Krämer, T: High-Speed InP Heterojunction Bipolar Transistors

This work examines design and performance issues of InP/
InGaAs/InP double heterojunction bipolar transistors (DHBT).
A transferred substrate (TS) technology has been developed
to optimize high frequency performance. The 3" wafer-level
process provides lithographic access to both the front- and
backside of DHBT epitaxy aligned to each other. The resulting
linear device set-up eliminates dominant transistor parasitics
and relaxes design trade-offs. The optimized device topology
manifests in excellent device performance.

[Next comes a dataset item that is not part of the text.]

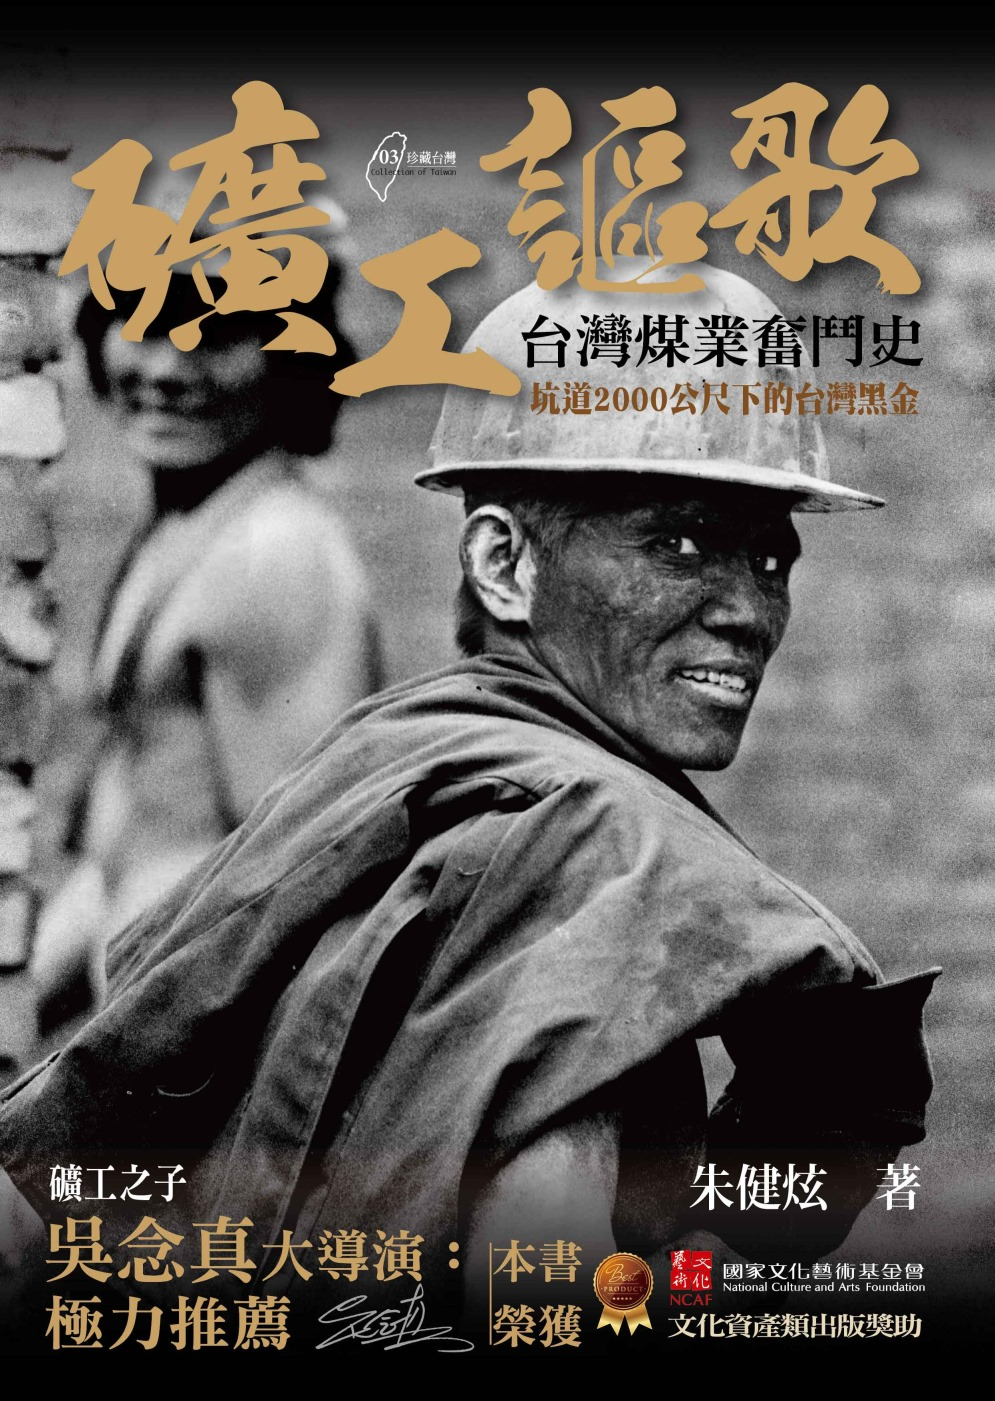 《礦工謳歌:台灣煤業奮鬥史》 商品條碼,ISBN:9789869457927

Transistors
of 0.8 × 5 µm2 emitter area feature fT = 420 GHz and fmax =
450 GHz at breakdown voltages BVCEO > 4.5 V. The more
than six-fold increase in current density to 18 mA/µm2 overcomes
the limitation of previously reported TS HBTs and is an
important contribution to outstanding high frequency and
power performance of the devices. Transistors of 0.8 × 5 µm2
emitter area combine very high frequency performance with
saturated output power Pout > 13.5 dBm at 77 GHz and DC
power handling over 100 mW. These are record values for
transistors with fT and fmax over 400 GHz.
Finally, TS processing has been developed to a fully millimeter
wave monolithic integrated circuit (MIMIC) compatible
technology. Traveling-wave amplifiers (TWA) demonstrate a
broadband gain G = 12.8 dB within 3-dB cutoff frequency up
to fc = 70 GHz.